NVIDIA Creates Interactive World with Its Deep Learning-Based AI Model: ‘It Wouldn’t Have Been Possible Before Tensor Cores’

Author Photo
Dec 3

Today’s big NVIDIA announcement presented the TITAN RTX GPU. However, there is another interesting press release put out by the company in which they provide the first look at an interactive, AI rendered virtual world based on a deep learning model.

A team of researchers at NVIDIA used a neural network, previously trained on real-world videos, to render synthetic tridimensional environments in real time. The result is a basic driving game, as you can see below; the full demo will be showcased at the NeurIPS conference in Montreal, Canada.

nvidia-geforce-20-series_official_turing_ngx_dnn_dlss_performance-4k-1Related NVIDIA DLSS Explained – Much Higher Quality Than TAA or Much Faster Performance, Delivered by NVIDIA NGX

Bryan Catanzaro, vice president of Applied Deep Learning Research at NVIDIA and leader of the research team, said:

NVIDIA has been inventing new ways to generate interactive graphics for 25 years, and this is the first time we can do so with a neural network. Neural networks — specifically generative models — will change how graphics are created. This will enable developers to create new scenes at a fraction of the traditional cost.

One of the main obstacles developers face when creating virtual worlds, whether for game development, telepresence, or other applications is that creating the content is expensive. This method allows artists and developers to create at a much lower cost, by using AI that learns from the real world. Before Tensor Cores, this demo would not have been possible.

Clearly, the potential here is massive. The creation of massive virtual worlds is the basis of modern gaming and it is a highly time and resource consuming process. Being able to speed it up through AI would do wonders for game developers, but NVIDIA also expects applications in fields like virtual reality, automotive, robotics and architecture.

Those of you who aren’t afraid to get really technical can dive into the entire research paper, available here. Anyone else can read the summary below, where the researchers have outlined a couple of current limitations of their model and how they could be overcome.

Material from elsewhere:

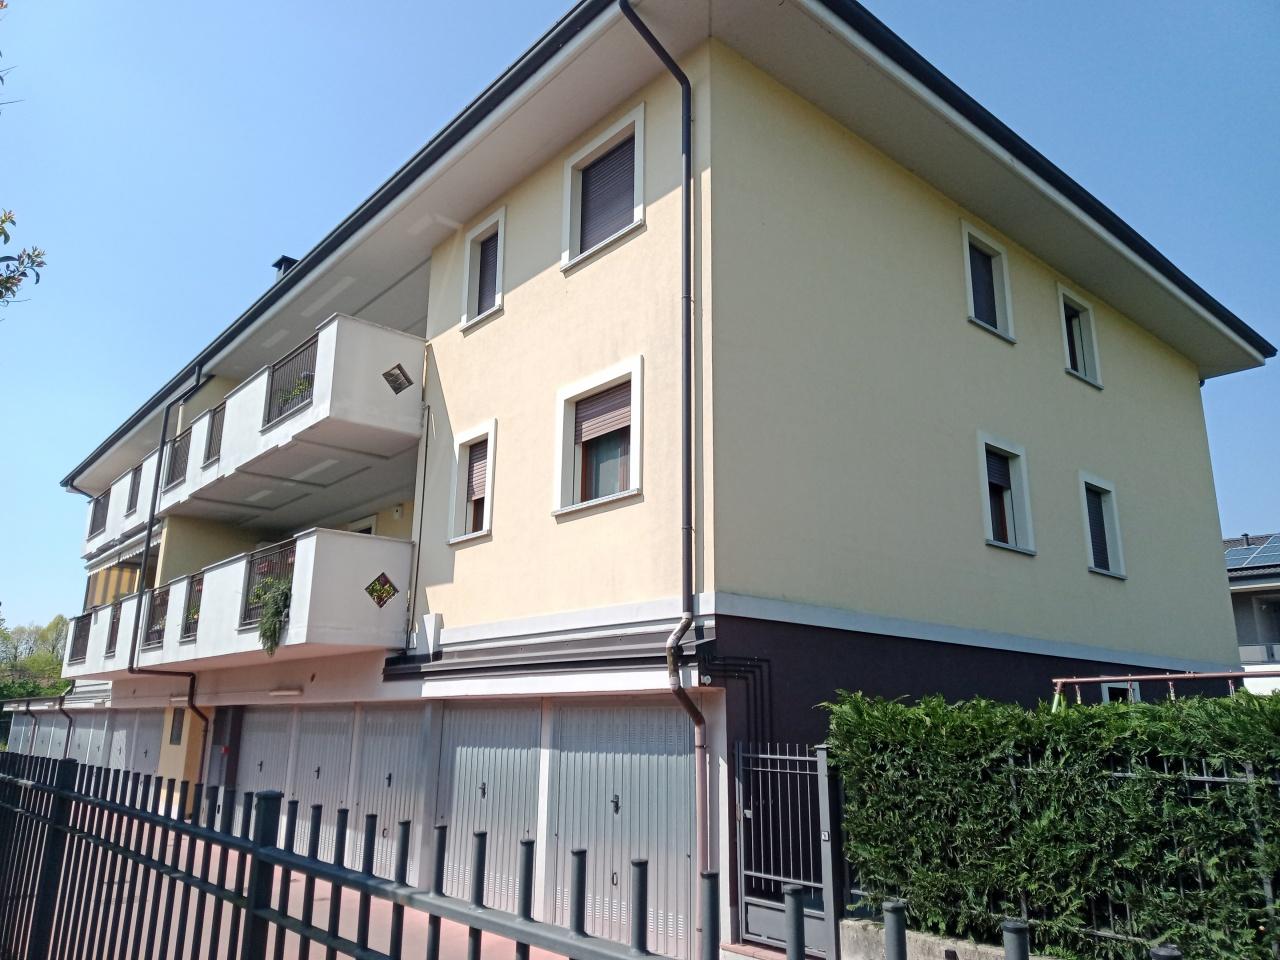 Appartamento in vendita a Pozzuolo Martesana, 3 locali, prezzo € 235.000 | CambioCasa.it

We present a general video-to-video synthesis framework based on conditional GANs. Through carefully-designed generator and discriminator networks as well as a spatiotemporal adversarial objective, we can synthesize high-resolution, photorealistic, and temporally consistent videos. Extensive experiments demonstrate that our results are significantly better than the results by state-of-the-art methods. Its extension to the future video prediction task also compares favorably against the competing approaches.

Limitations and future work

Although our approach outperforms previous methods, our model still fails in a couple of situations. For example, our model struggles in synthesizing turning cars due to insufficient information in label maps. We speculate that this could be potentially addressed by adding additional 3D cues, such as depth maps.

Furthermore, our model still can not guarantee that an object has a consistent appearance across the whole video. Occasionally, a car may change its color gradually. This issue might be alleviated if object tracking information is used to enforce that the same object shares the same appearance throughout the entire video. Finally, when we perform semantic manipulations such as turning trees into buildings, visible artifacts occasionally appear as building and trees have different label shapes. This might be resolved if we train our model with coarser semantic labels, as the trained model would be less sensitive to label shapes.